DEV Community

Cover image for 5 Production Incidents Every DevOps Engineer Should Know How to Debug
Steven Leggett
Steven Leggett

Posted on

5 Production Incidents Every DevOps Engineer Should Know How to Debug

It's 2 AM. Your phone is screaming. The dashboard is red. Users are tweeting.

You have been on call long enough to know that the gap between "I think I know what's wrong" and "I know exactly what's wrong" can cost your company thousands of dollars per minute. The engineers who close that gap fast are not smarter than everyone else. They have just seen these patterns before.

Here are 5 production incidents that every DevOps engineer will encounter at some point - what they look like, why they happen, and how to debug them.


1. "No Space Left on Device"

The story

A developer was chasing a gnarly bug in production. To get more visibility, they temporarily cranked the application log level to DEBUG. They fixed the bug, merged the PR, and completely forgot to revert the log level setting.

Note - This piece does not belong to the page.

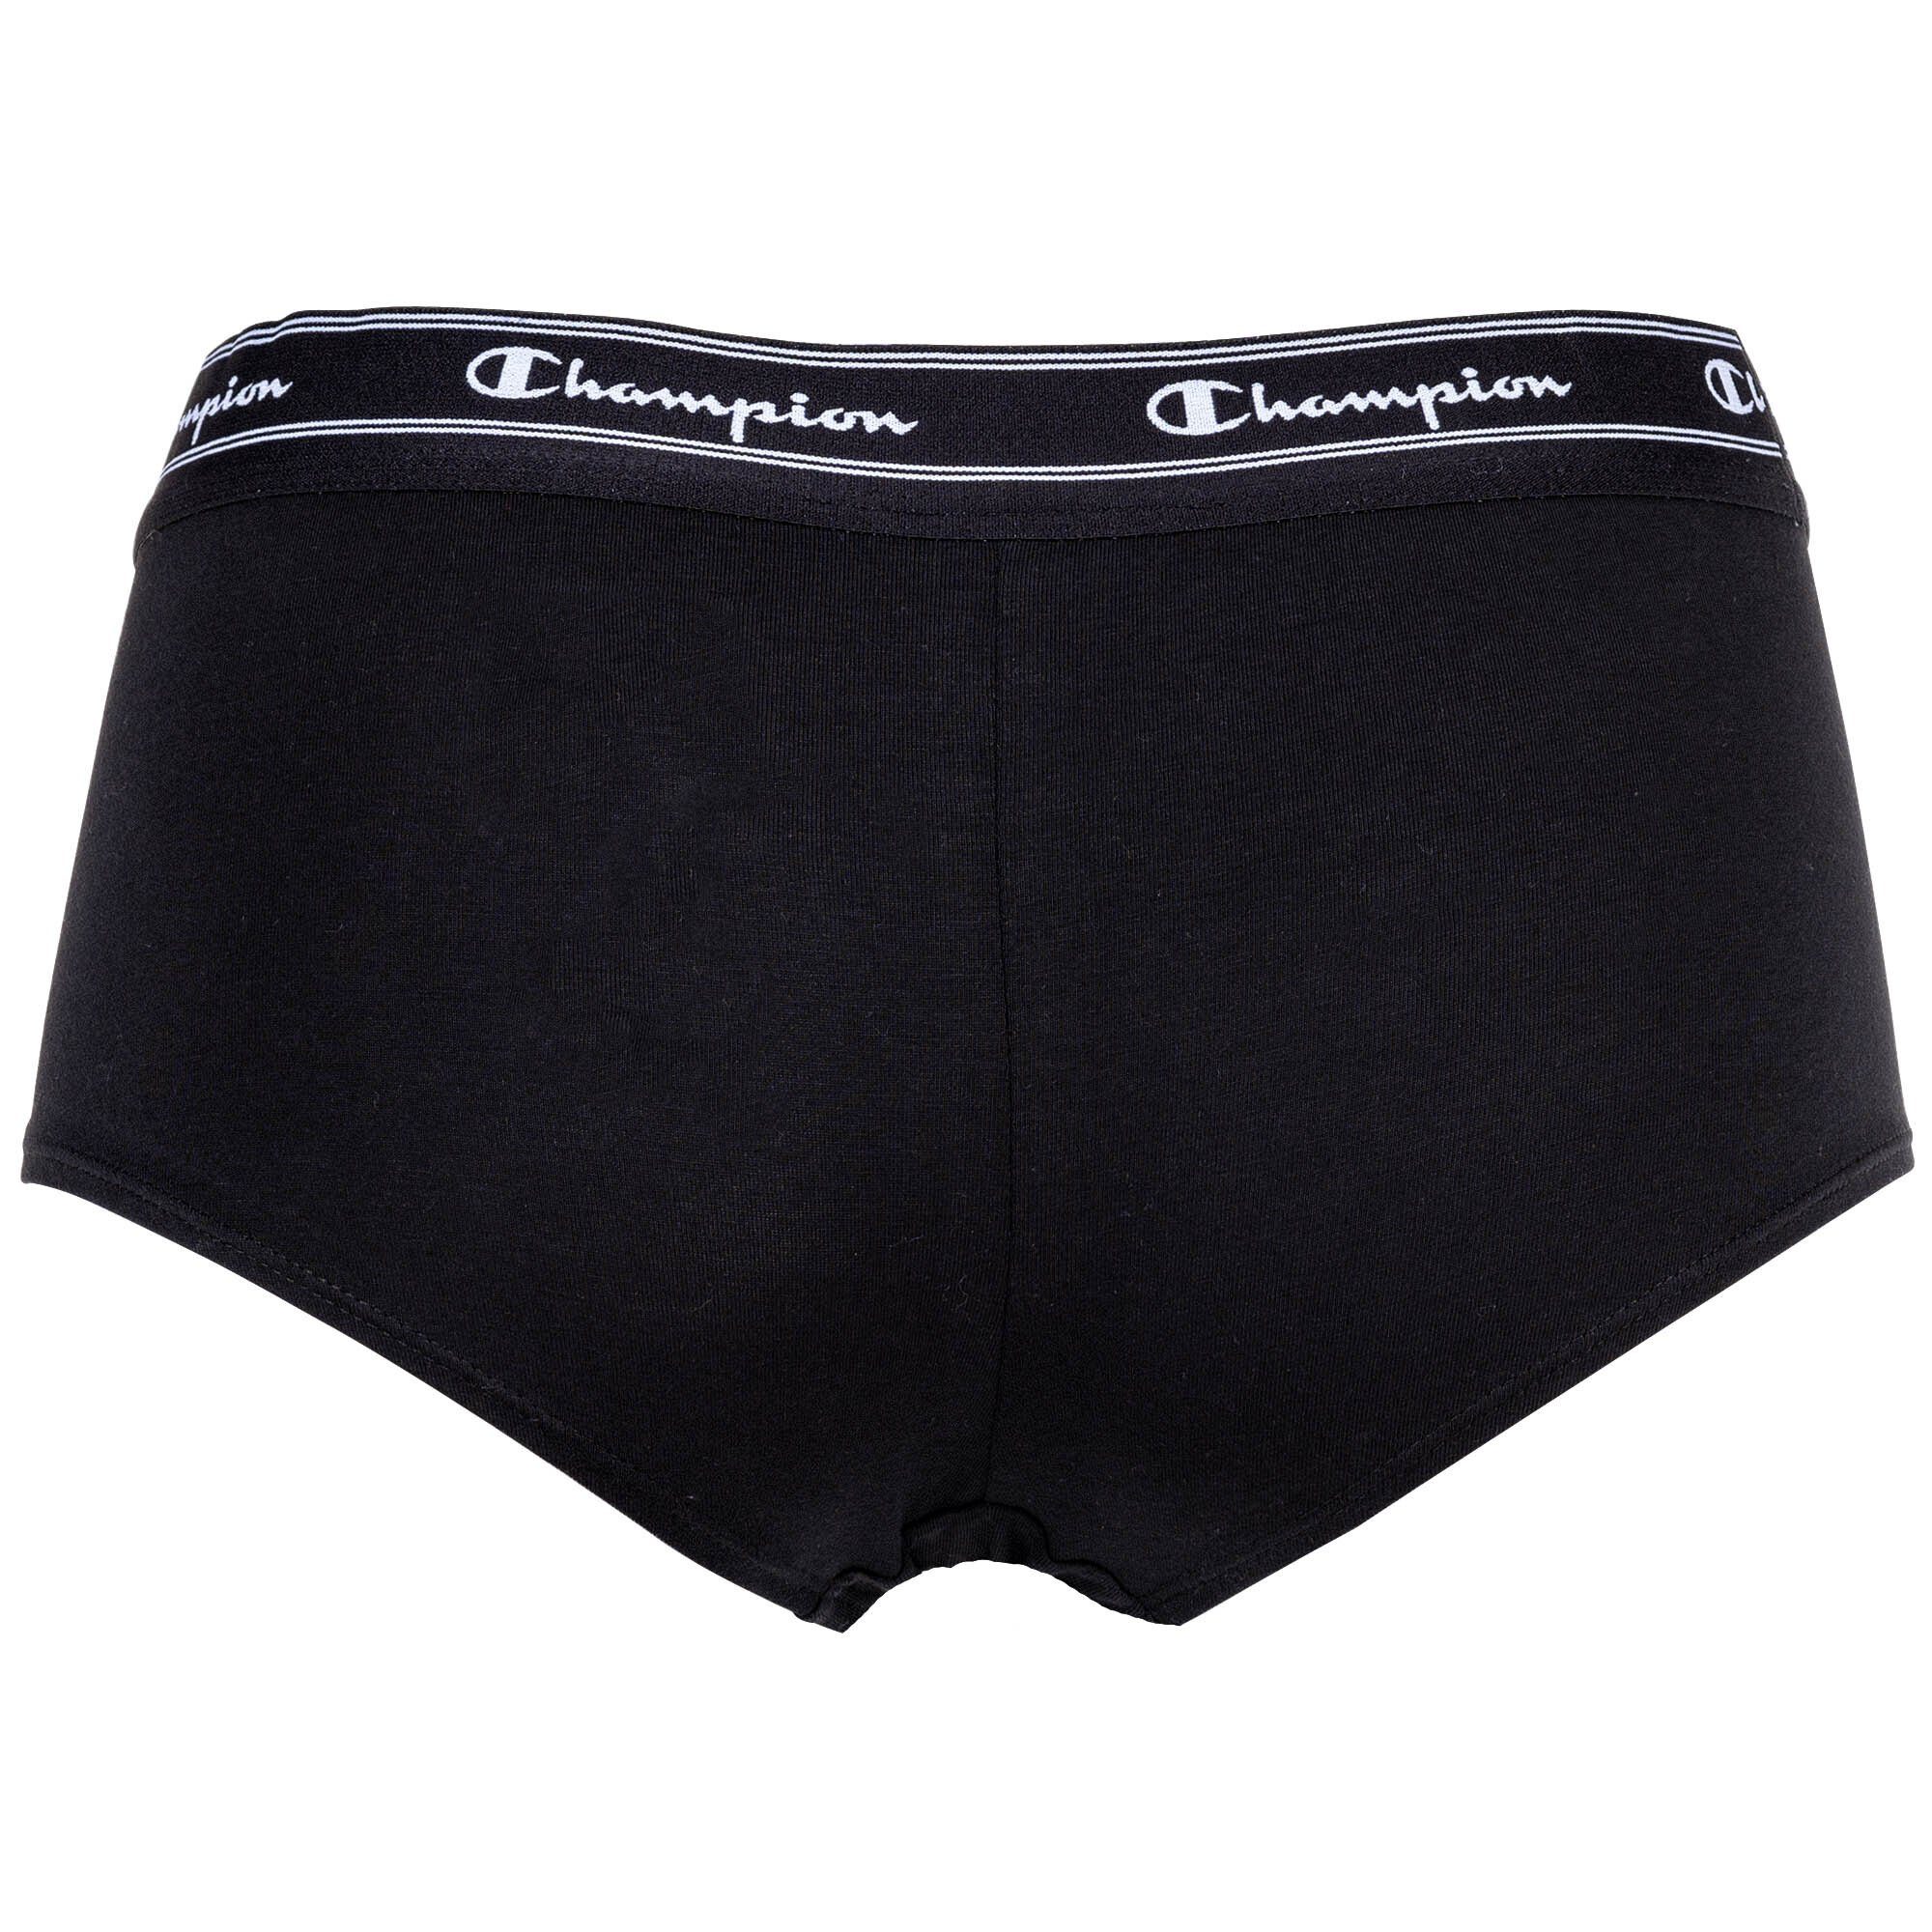 2er Hipster Logo-Bund Pack Pants, Weiß/Schwarz - Damen Slip Champion

Three weeks later, at 3 AM on a Tuesday, your monitoring fires. Every service on that host is returning 500s. The database is refusing writes. Nothing makes sense until you SSH in and run the one command that tells you everything:

df -h
Enter fullscreen mode Exit fullscreen mode
Filesystem      Size  Used Avail Use% Mounted on
/dev/sda1        80G   80G     0 100% /
Enter fullscreen mode Exit fullscreen mode

Full. The disk is completely full. /var/log has grown to 64GB of verbose debug output nobody was watching.

Why it happens

Debug logging is chatty by design. It logs every function call, every query parameter, every header. In a high-traffic service, debug logs can generate gigabytes per hour. Combine that with a missing or misconfigured log rotation policy and you have a slow-motion disaster playing out in the background while everyone is focused on feature work.

How to debug it

# Step 1: Confirm the problem
df -h

# Step 2: Find the culprit
du -sh /var/log/*
du -sh /var/log/nginx/*

# Step 3: Immediate relief - clear old compressed logs
find /var/log -name "*.gz" -mtime +7 -delete

# Step 4: Truncate (don't delete) the active log file
truncate -s 0 /var/log/myapp/app.log

# Step 5: Check logrotate config
cat /etc/logrotate.d/myapp
Enter fullscreen mode Exit fullscreen mode

The fix

Set the log level back to INFO or WARN. Fix your logrotate config to enforce retention limits. Then add a disk space alert at 80% - not 95%. By the time you hit 95%, you probably have minutes, not hours.

Key takeaway

Your logging infrastructure needs to be monitored too. The tool you use to diagnose outages can itself cause outages if you ignore it.


2. Database Connection Pool Exhaustion

The story

Traffic is normal. CPU is normal. The database server is completely idle. But your application is throwing errors that look like this:

Error: Cannot acquire connection from pool
TimeoutError: timeout of 5000ms exceeded
Enter fullscreen mode Exit fullscreen mode

And users are getting 503s.

This one is maddening the first time you see it because every instinct tells you to look at the database. The database is fine. The problem is how your application is managing its connection to the database.

Why it happens

Most database drivers give you a connection pool - a fixed set of reusable connections shared across your application's threads or async workers. When a request needs to run a query, it borrows a connection from the pool. When it's done, it returns the connection.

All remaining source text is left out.